Affairs overhead now took a serious turn. The clouds evidently disapproving of the hilarious goings-on of the sun–poking its head out just as the cloud was raining its prettiest–had, in retaliation, stopped up all the holes the sun could peer through, and had started in to rain harder than ever. The waiters caught the angry frown on the cloud’s face, and took it at its spoken word–it had begun to thunder again–and began piling up the chairs to protect their seats, covering up the serving-tables, and getting every perishable article under shelter. The huge mushroom-umbrellas were collapsed and rushed into the kiosks–some of them into the one where I sat, it being the largest; small tables were turned upside down, and tilted against the tree-trunks, and the storm-curtains of all the little kiosks let down and buttoned tight to the frames. Waiters ran hither and thither, with napkins and aprons over their heads, carrying fresh courses for the several tables or escaping with their empty dishes.

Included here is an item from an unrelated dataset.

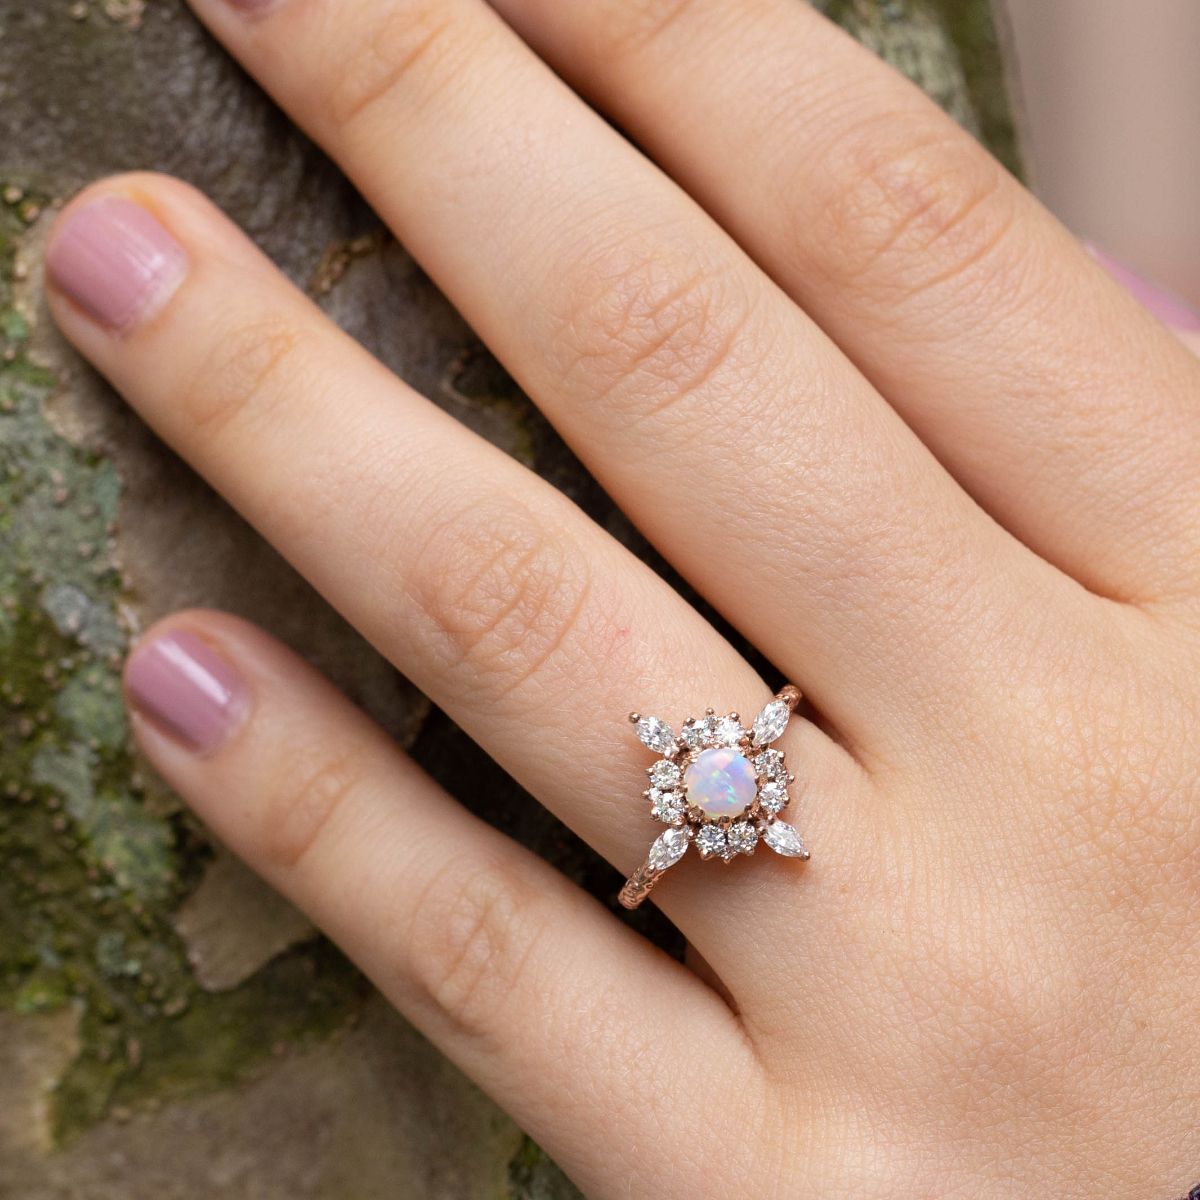 Is Opal A Good Choice For An Engagement Ring? | Custommade.Com

In the midst of this melee a cab dashed up to the next kiosk to mine, the wheels cutting into the soft gravel; the curtains were quickly drawn wide by a half-drowned waiter, and a young man with jet-black hair and an Oriental type of face slipped in between them.

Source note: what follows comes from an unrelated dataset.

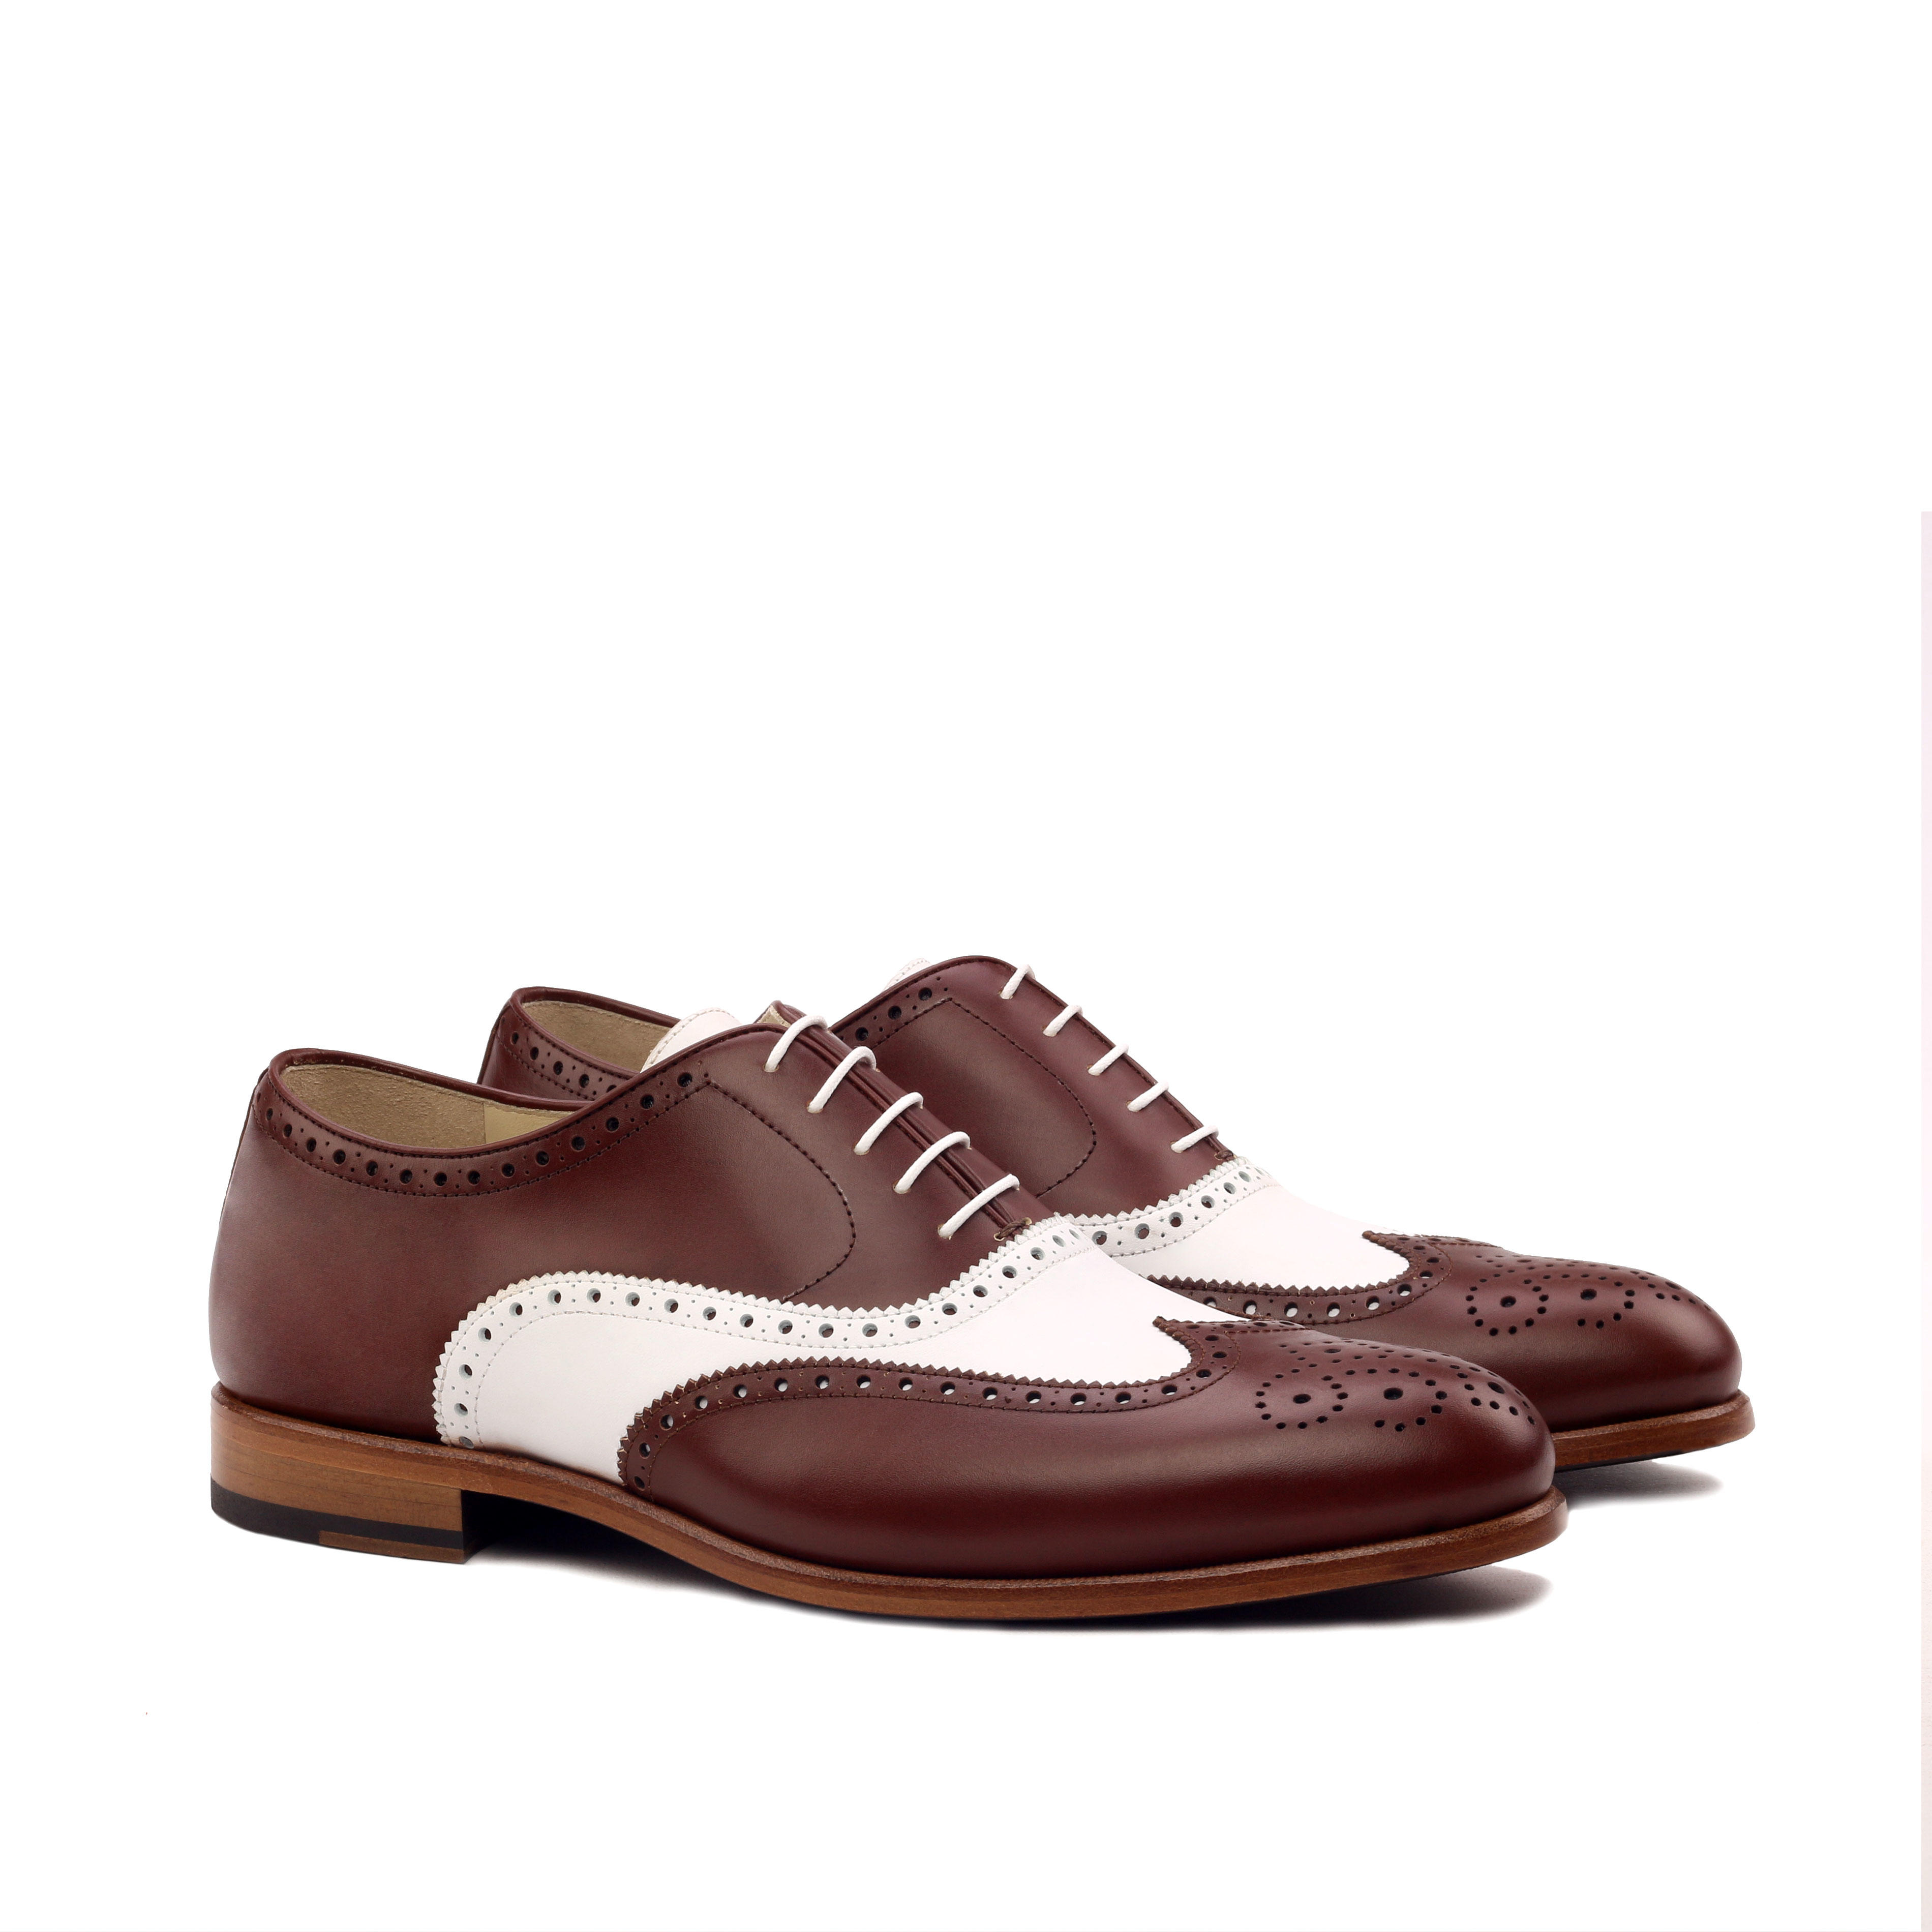 MANOR OF LONDON 'The Marylebone' Brown & White Calfskin Brogue Luxury Custom Initials Monogrammed Front Side View

Another carriage now dashed up, following the grooves of the first wheels–not a cab this time, but a perfectly appointed coupe, with two men in livery on the box, and the front windows banked with white chrysanthemums. I could not see her face from where I sat–she was too quick for that–but I saw the point of a tiny shoe as it rested for an instant on the carriage-step and a whirl of lace about a silk stocking. I caught also the movement of four hands–two outstretched from the curtains of the kiosk and two from the door of the coupe.

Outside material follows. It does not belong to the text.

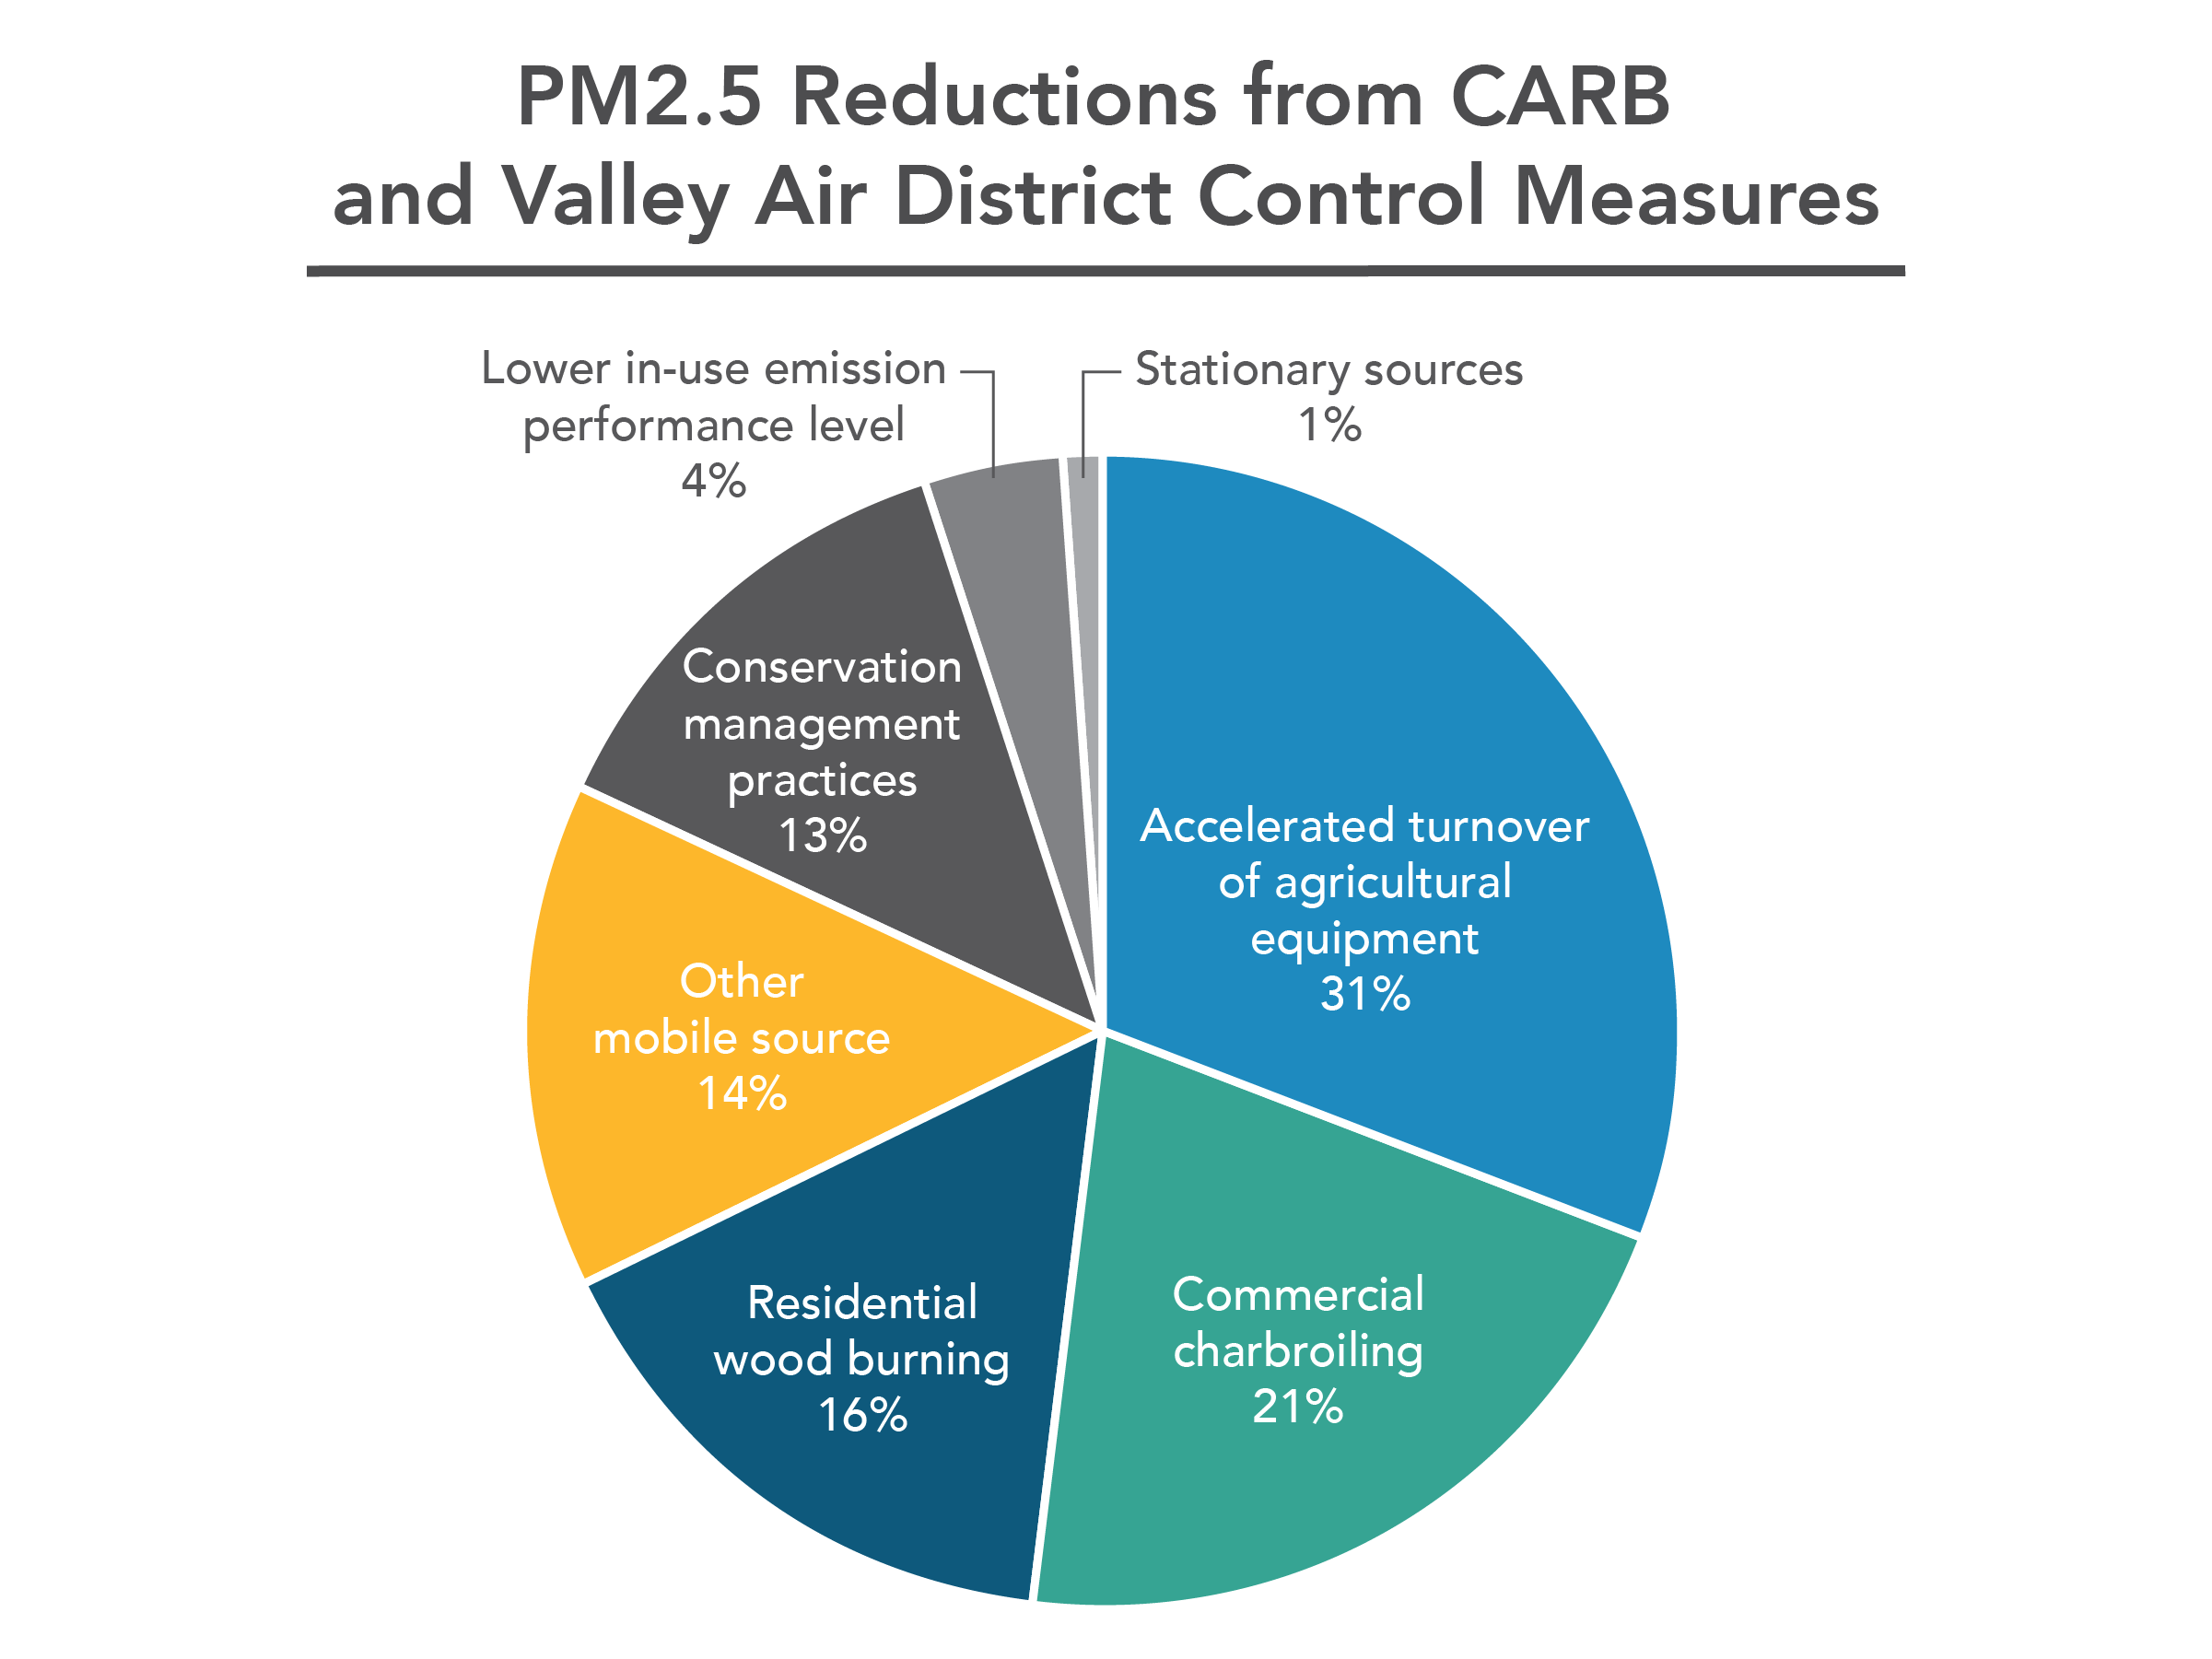 PM2.5 Reductions from CARB and Valley Air District Control Measures

Of course, if I had been a very inquisitive and very censorious old painter, with a tendency to poke my nose into and criticise other people’s business, I would at once have put two and two together and asked myself innumerable questions. Why, for instance, the charming couple did not arrive at the same moment, and in the same cab? or why they came all the way out to Suresne in the rain, when there were so many cosey little tables at Laurent’s or at the Voisin, on the Rue Cambon, or in the Cafe Anglais on the Boulevard. Whether, too, either one were married, and if so which one, and if so again, what the other fellow and the other woman would do if he or she found it all out; and whether, after all, it was worth the candle when it did all come out, which it was bound to do some day sooner or later. Or I could have indulged in the customary homilies, and decried the tendencies of the times, and said to myself how the world was going to the dogs because of such goings-on; quite forgetting the days when I, too, had the world in a sling, and was whirling it around my head with all the impetuosity and abandon of youth.